5 Feet of Fury

‘Whether or not the terrorists have won, the bureaucrats have’

Mark Steyn writes:

And they’re a more profound existential threat to America than the terrorists will ever be.

Incremental decline is easy to get used to. I’m sure a few of my correspondent’s fellow commuters are equally droll about it and a few more get angry, but untold thousands more just shuffle uncomplainingly up and down, scuffing shoes and bumping backpacks. That’s the trick with decline: persuading people to accept it. The Transportation Security Administration, which in a decade of existence has never caught a single terrorist, has managed to persuade freeborn citizens to accept that minor state bureaucrats have the right to fondle your scrotum without probable cause. The TSA is now unionizing, which means that this hideous embodiment of bureaucratized sclerosis will now have its fingers in your gusset until the end of time. (…)
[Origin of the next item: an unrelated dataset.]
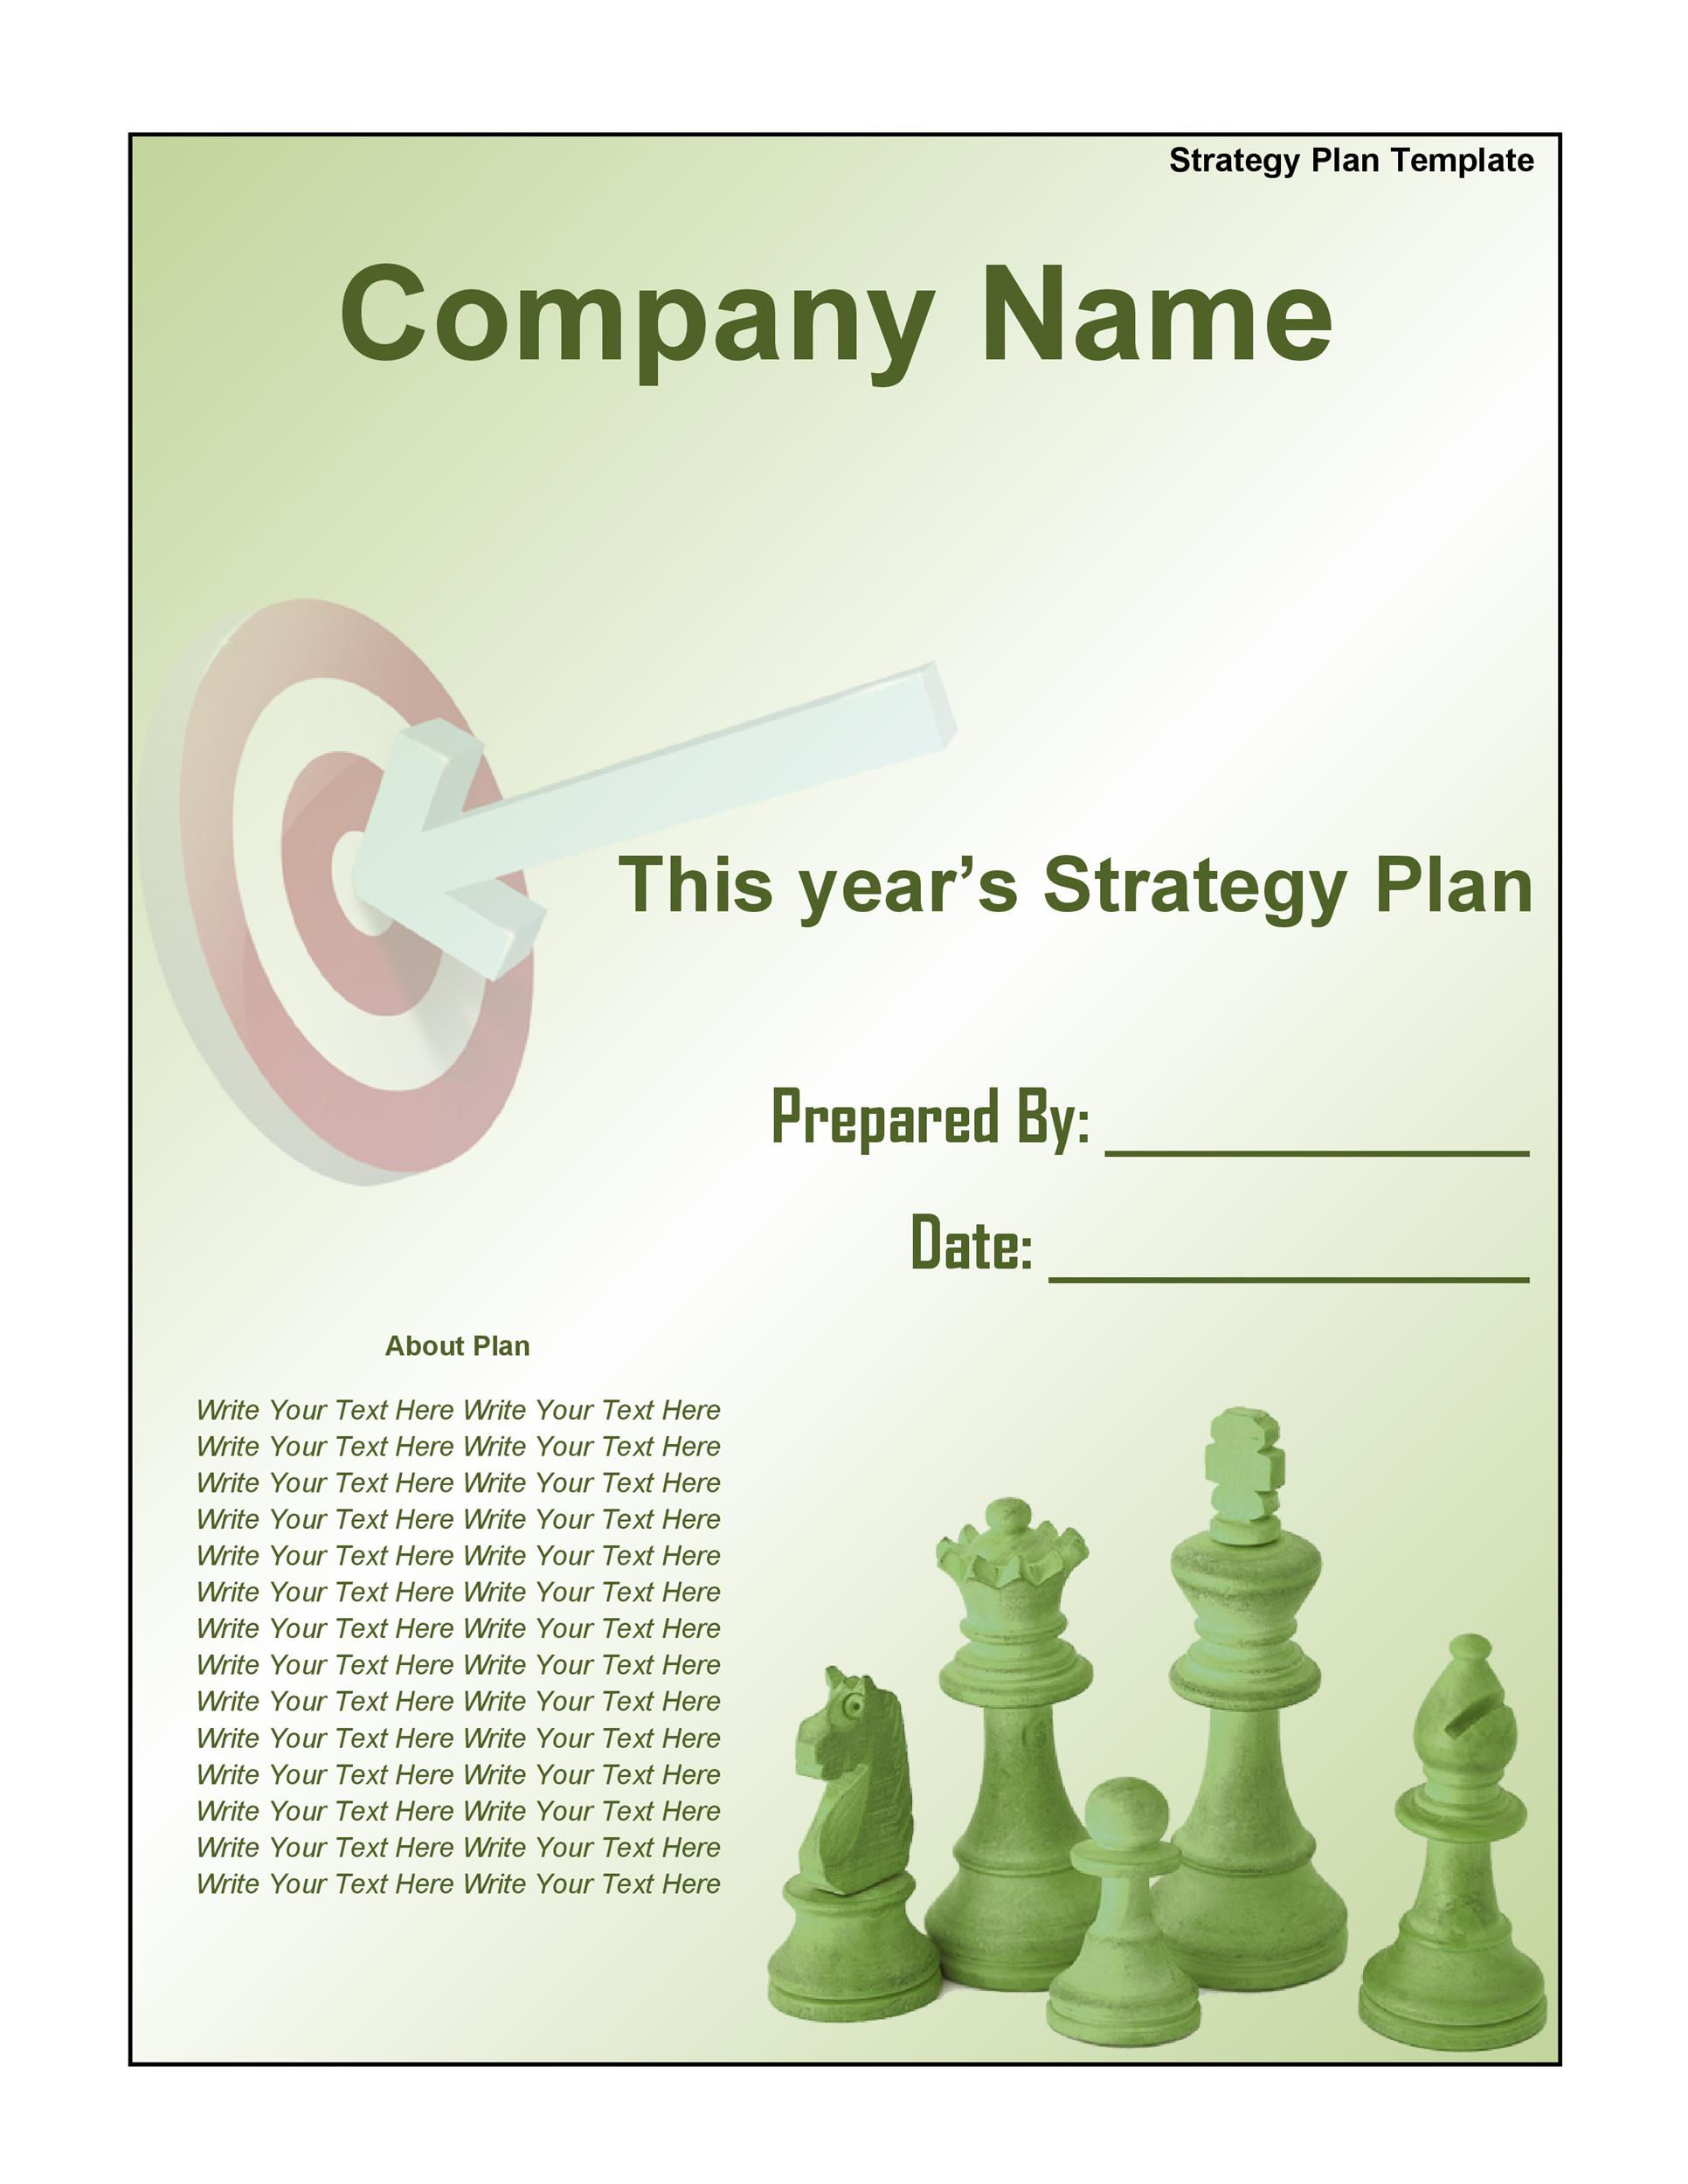 Free Strategic Plan Template 06

In such a world it becomes more difficult to innovate, and frankly not a priority. When I deposit a New Zealand check at my bank in Montreal, the funds are available to me within two seconds. The last time I deposited a New Zealand check at my bank in the U.S., they sent it for “collection” (an entirely artificial concept in the computer age) to Australia, and by the time it came back it had expired. They couldn’t understand why I was annoyed — c’mon, man, we were in the ballpark!

To resolve the issue, I had to go to the bank president, who, on being informed of my Canadian comparison, said, “Well, you must understand smaller countries by their nature have to get used to dealing with the rest of the world. It’s different for America.”

***
As I keep warning you:

The greatest threat to the West aren’t elected officials. Elections are a sideshow, but with uglier, less talented exhibits.

The real damage is done by unionized, heavily pensioned, unelected job-for-life bureaucrats, some of whom also happen to be armed.

And if you are one of those bureaucrats but insist upon calling yourself a “conservative” or a “Tea Partier”, but are unwilling to sacrifice your kid’s dental for your country, you’re part of the problem.

Sigh.

Many of my American readers are a little too smug.

Because they haven’t lived or traveled elsewhere, or paid much attention when they have, they are too ready to insist that America is “free” and supports “free enterprise” and they’re a bunch of “rugged individuals.”

Which is true in theory, but in practice, all kinds of weirdness goes on.

I have never had a Canadian merchant even glance at the signature on my credit card receipt to see if it matches the one on the back of my credit card, or ask me for I.D. at a cash register.

They do it compulsively in the US and make a big deal out of it if it.

If that was a really great way to prevent credit card fraud, we’d do it in Canada. Our banking system is vastly superior. Instead, it seems like one more stupid thing somebody told Americans to do, so they do it.